From the line containing "Beautiful elegant red" to the end of the data, retype every line exactly and nothing else. Drop the pictures.

**Data below**:
━━━

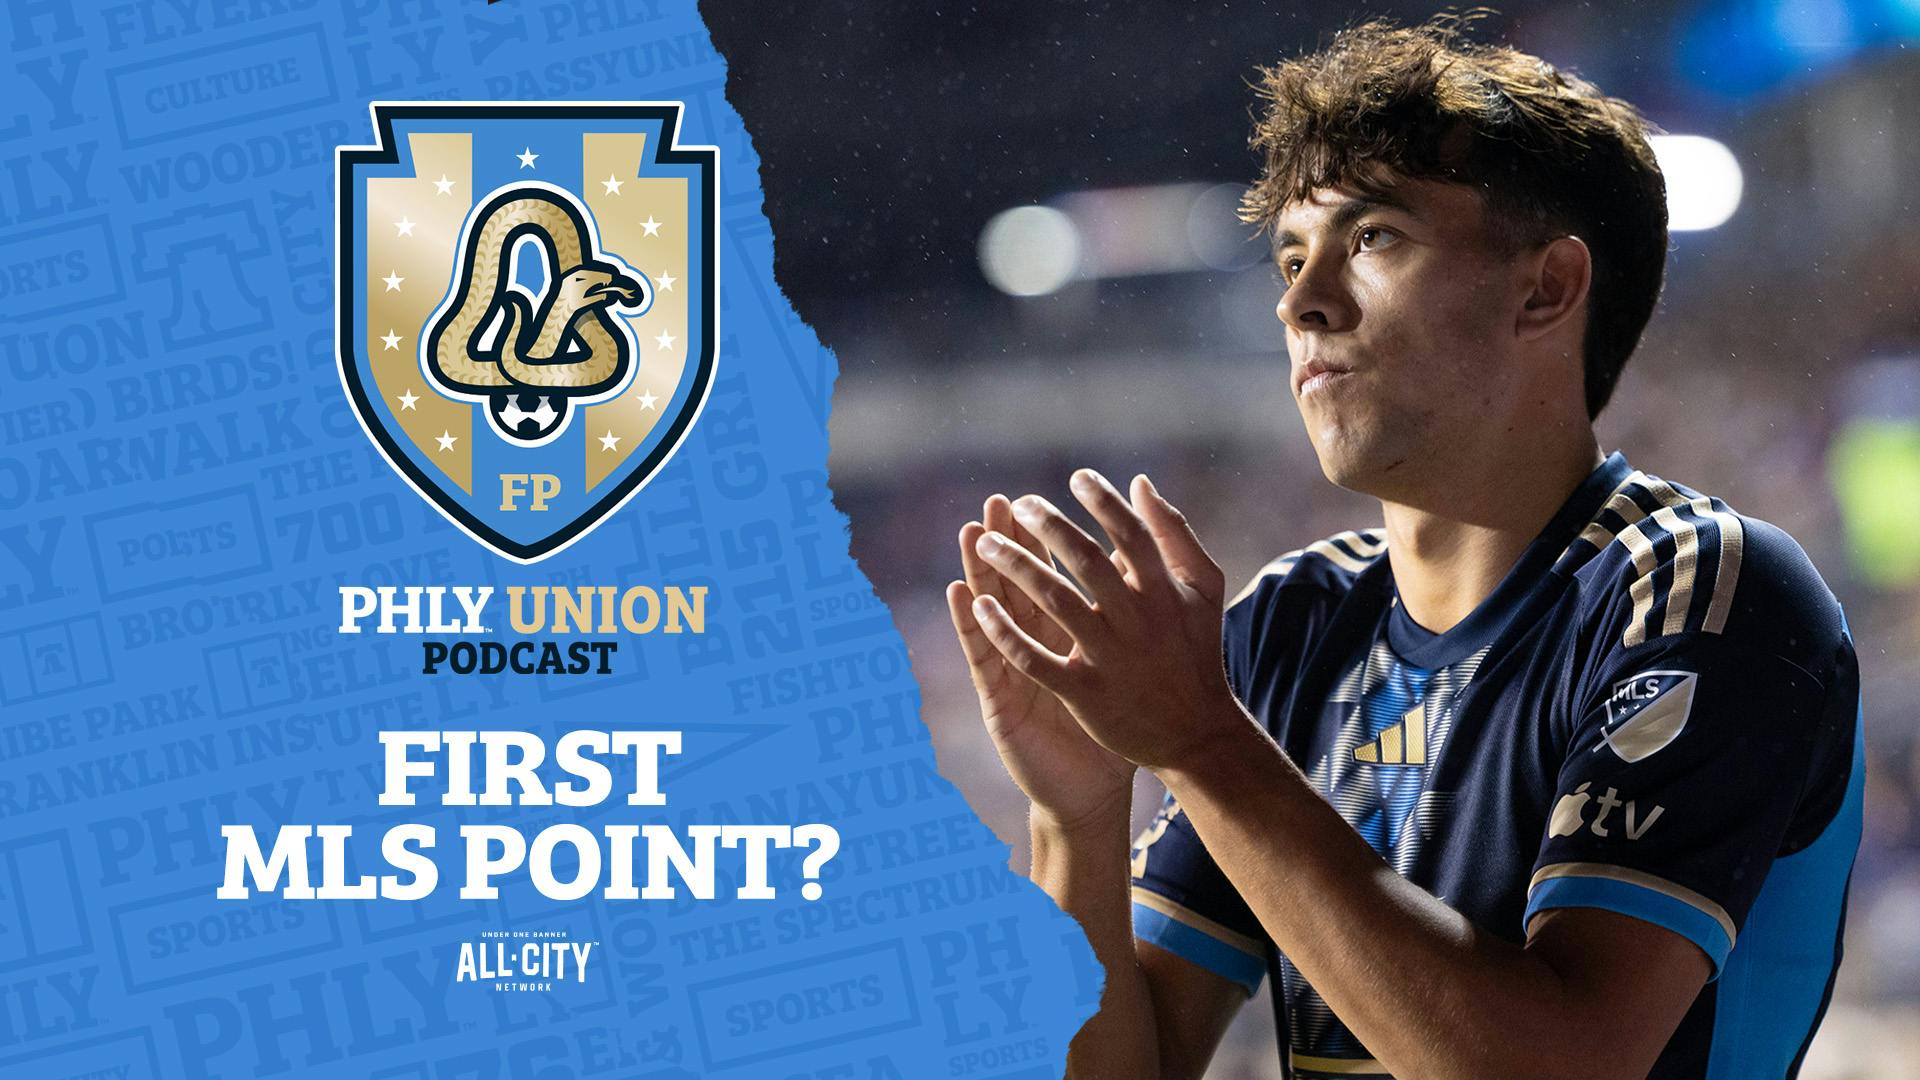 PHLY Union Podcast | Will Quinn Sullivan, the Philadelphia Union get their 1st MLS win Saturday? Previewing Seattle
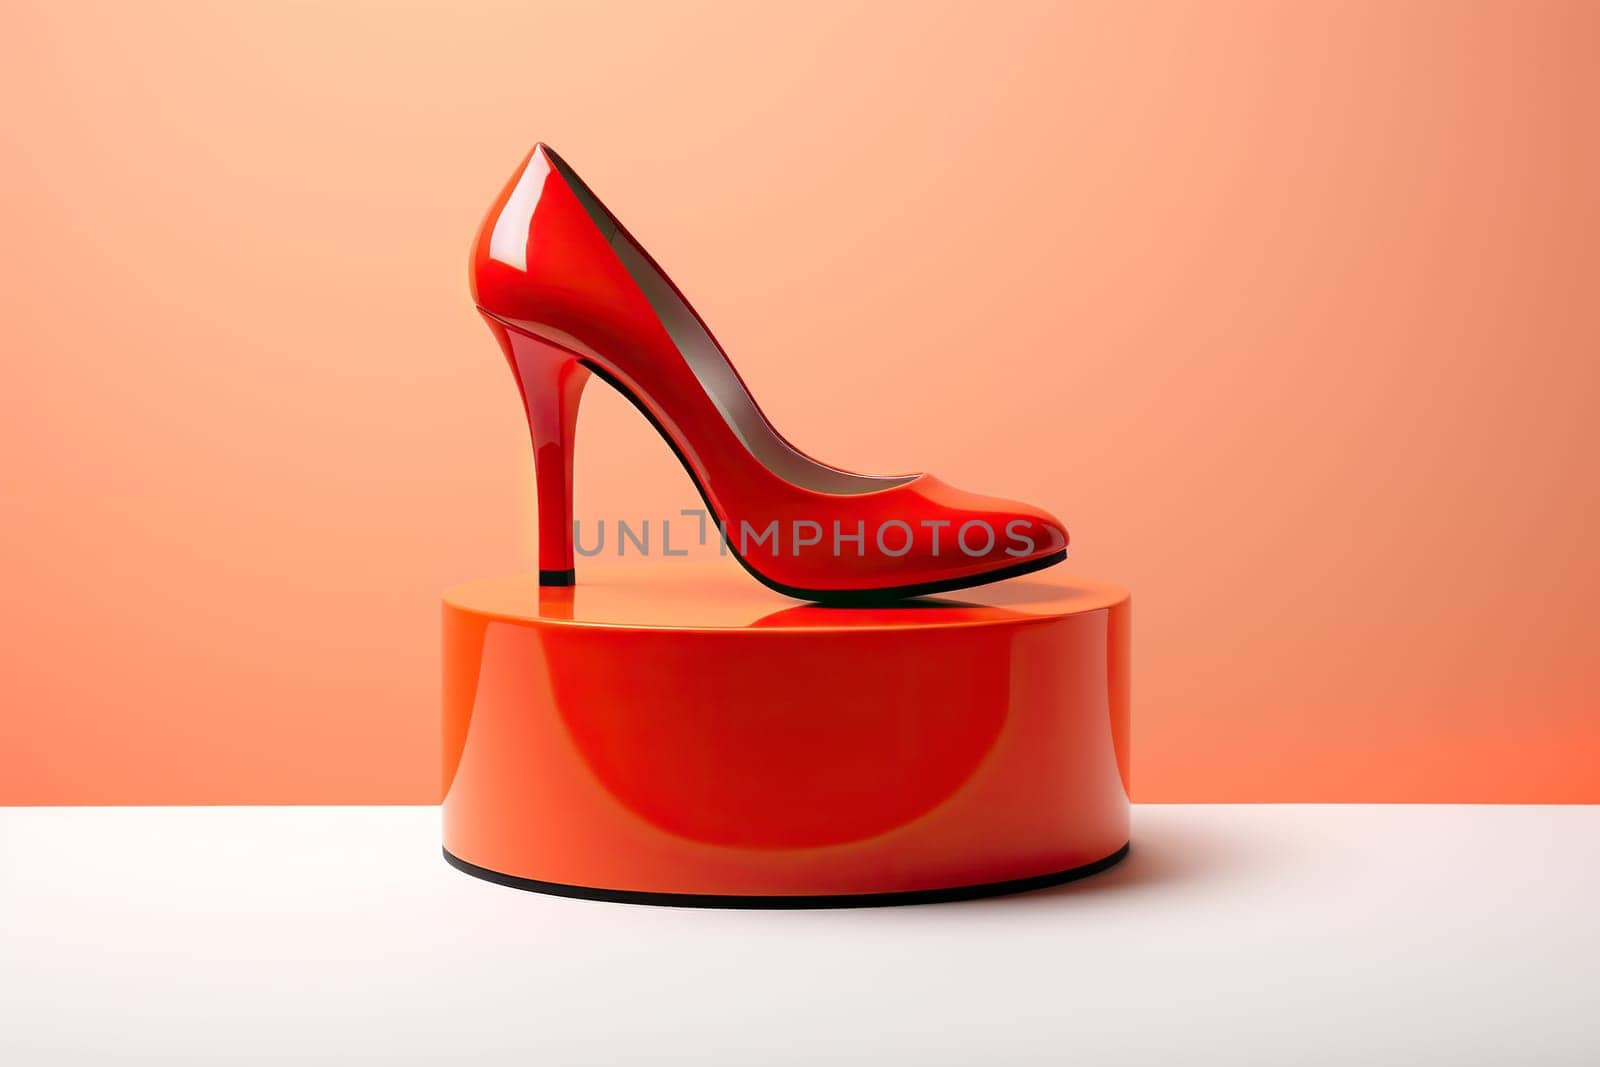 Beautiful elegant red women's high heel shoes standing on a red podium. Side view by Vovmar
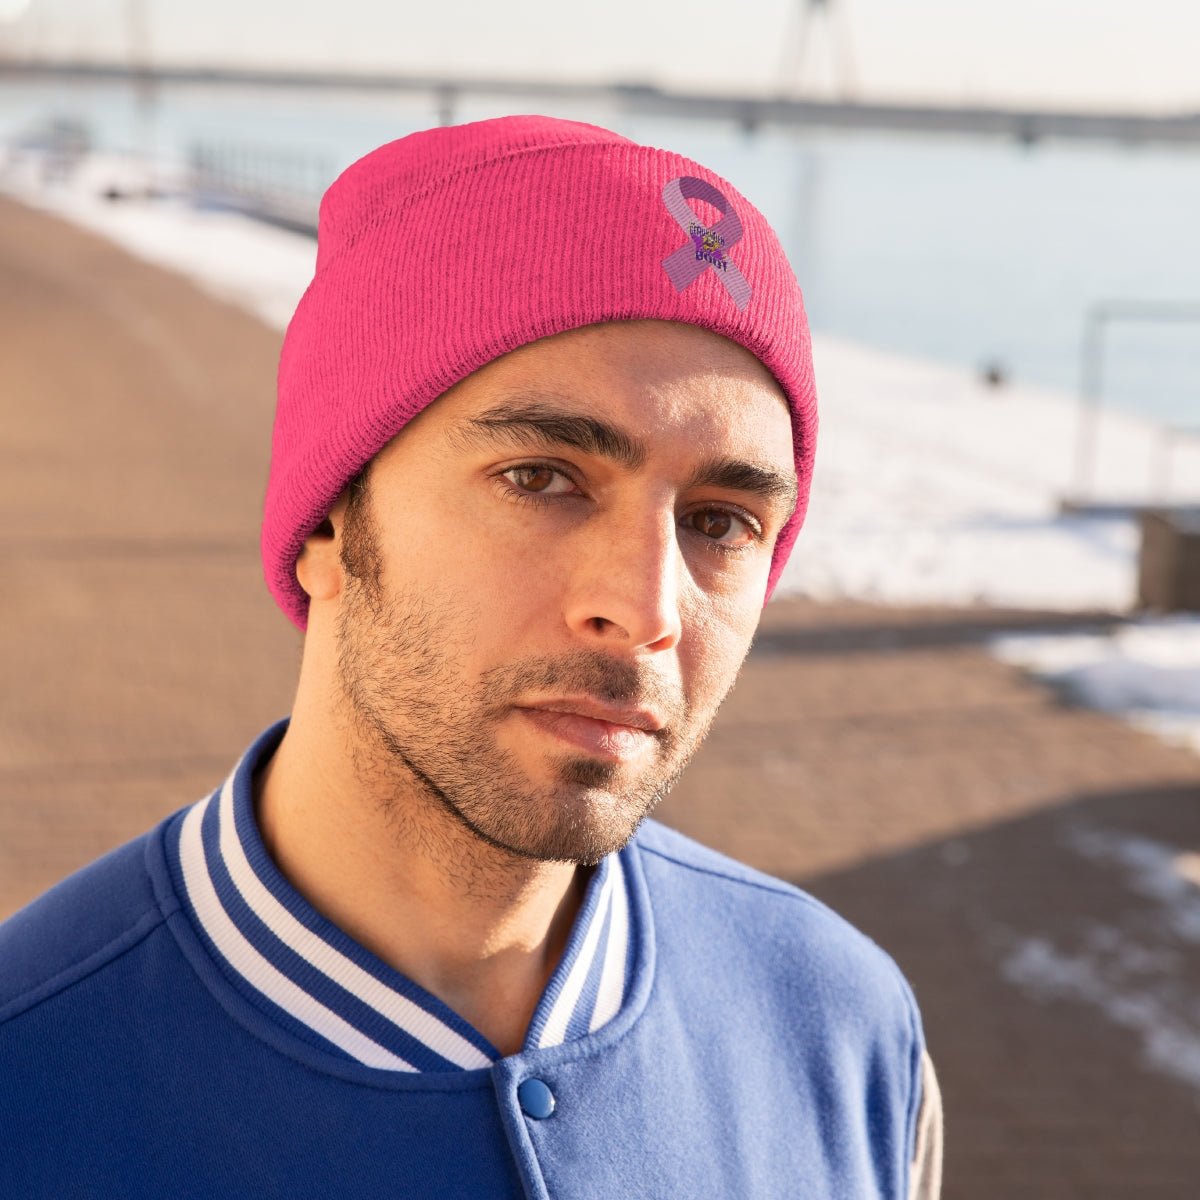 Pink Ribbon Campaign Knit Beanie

━━━

**Completed task**:
 Beautiful elegant red women's high heel shoes standing on a red podium. Side view by Vovmar
 Pink Ribbon Campaign Knit Beanie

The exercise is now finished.